Even a great ensemble like Stratford’s would inevitably have some problems in casting these famous roles, and this eccentric experiment adds the inventive oddity of not just Nontraditional casting but inconsistent casting. (…) In what’s left of Richard II, the King’s supporters, the Duke of Norfolk, the Bishop of Carlisle, the Archbishop of York, the Earl of Salisbury, Sir John Bushy, and Sir Stephen Scroop are all played by women. So the questions about whether Richard might have been a tad effeminate seem here to be hilariously obtuse. And since I know some very, very gifted and versatile male Stratford actors who are feeling rather underused this season, the notion of limited resources causing these odd castings is unconvincing.
— Herbert M Simpson, Total Theatre
Oh Herbert. Where to begin?
In Irene’s words: “Does he not know that roles for men far outweigh roles for women in our business?
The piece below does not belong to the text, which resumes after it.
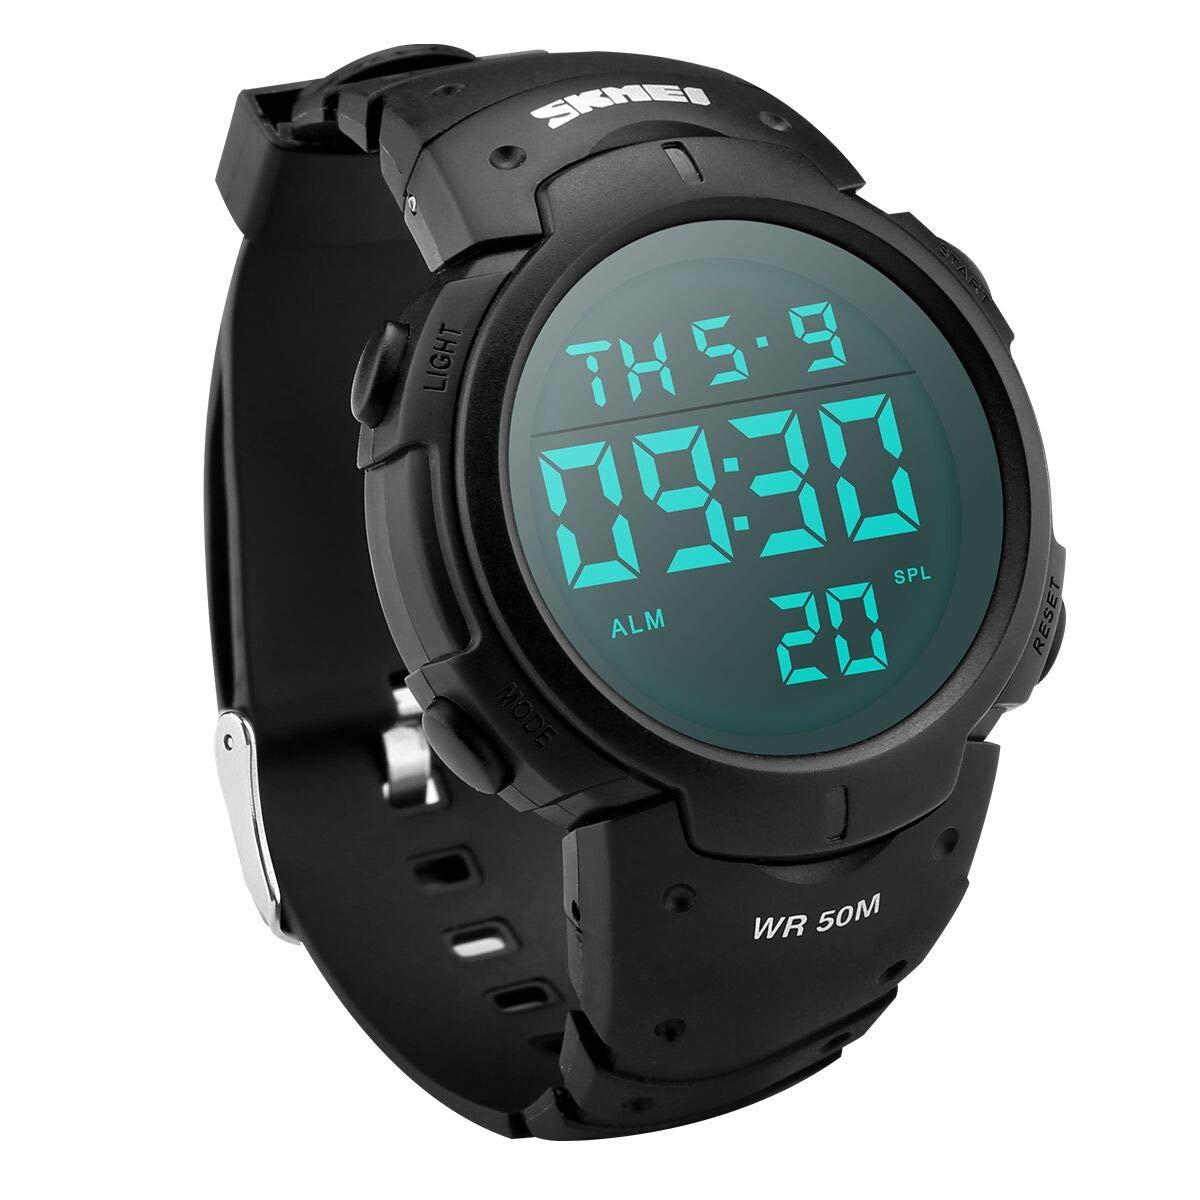 Digital Sports Watch, LED Screen Waterproof Watch with Alarm, Stopwatch,Date, Luminous Night Light,Outdoor Military Watches Multifunction Electronic Wrist Watch for Men Women Kids

And that those ‘underused’ male actors, in general, have a far greater chance of being employed, making a living, because there are so many more opportunities for them? With all the discussion around equality in the arts, and even in our parliament this year, I’m surprised that Mr. Simpson can’t find more to celebrate in the bold casting of these shows.” The notion that female actors need to be careful not to take jobs away from underused male actors is ‘hilariously obtuse.’
In India, Anusree says cross-gender casting is commonplace. “I come from a patriarchal society where oppression still exists—within religion, within culture, within the dynamics of society, within the infrastructure in the way it’s built. But art, especially from West Bengal where I’m from, is promoted as something everyone can do. In seventeen years of my life in India, I’ve seen so much theatre where it’s male playing female, female playing male. They’re not pretending to be anything other than the character. It’s only when I came to this country that I realized that it’s an actual issue. Back home I’ve just seen it, so why can’t I do it when other women have done it before me, many, many times? Why can’t I one day play Lear?”
If you grow up seeing traditional Shakespeare then your taste has probably developed to accept that as your standard. If you grow up seeing theatre where women and men switch genders without an issue, your taste has probably been developed to accept that as your standard. The more we do it, the more this “eccentric experiment” can be normalized. Anusree summed it up perfectly: “I want a society where a person of colour is playing a lead and it’s not a headline. Where a woman is playing a major role that was written for a man and it’s not a headline. Now I can vote, it’s not a headline, but once it used to be. So in that same vain, that’s why we fight. I strive for that society where mixed culture, mixed race, mixed gender is not something that needs to be on a press release. We’re not there, we’re not there yet, but that’s the goal.” While it’s still a rarity in big institutions, we need artists in positions of power who aren’t afraid to take the leap.
On that note, I want to thank Weyni Mengesha, Mitchell Cushman, Graham Abbey, and the Stratford Festival. And Irene Poole, Michelle Giroux, Carly Street, Kate Hennig, and Anusree Roy for contributing their thoughts.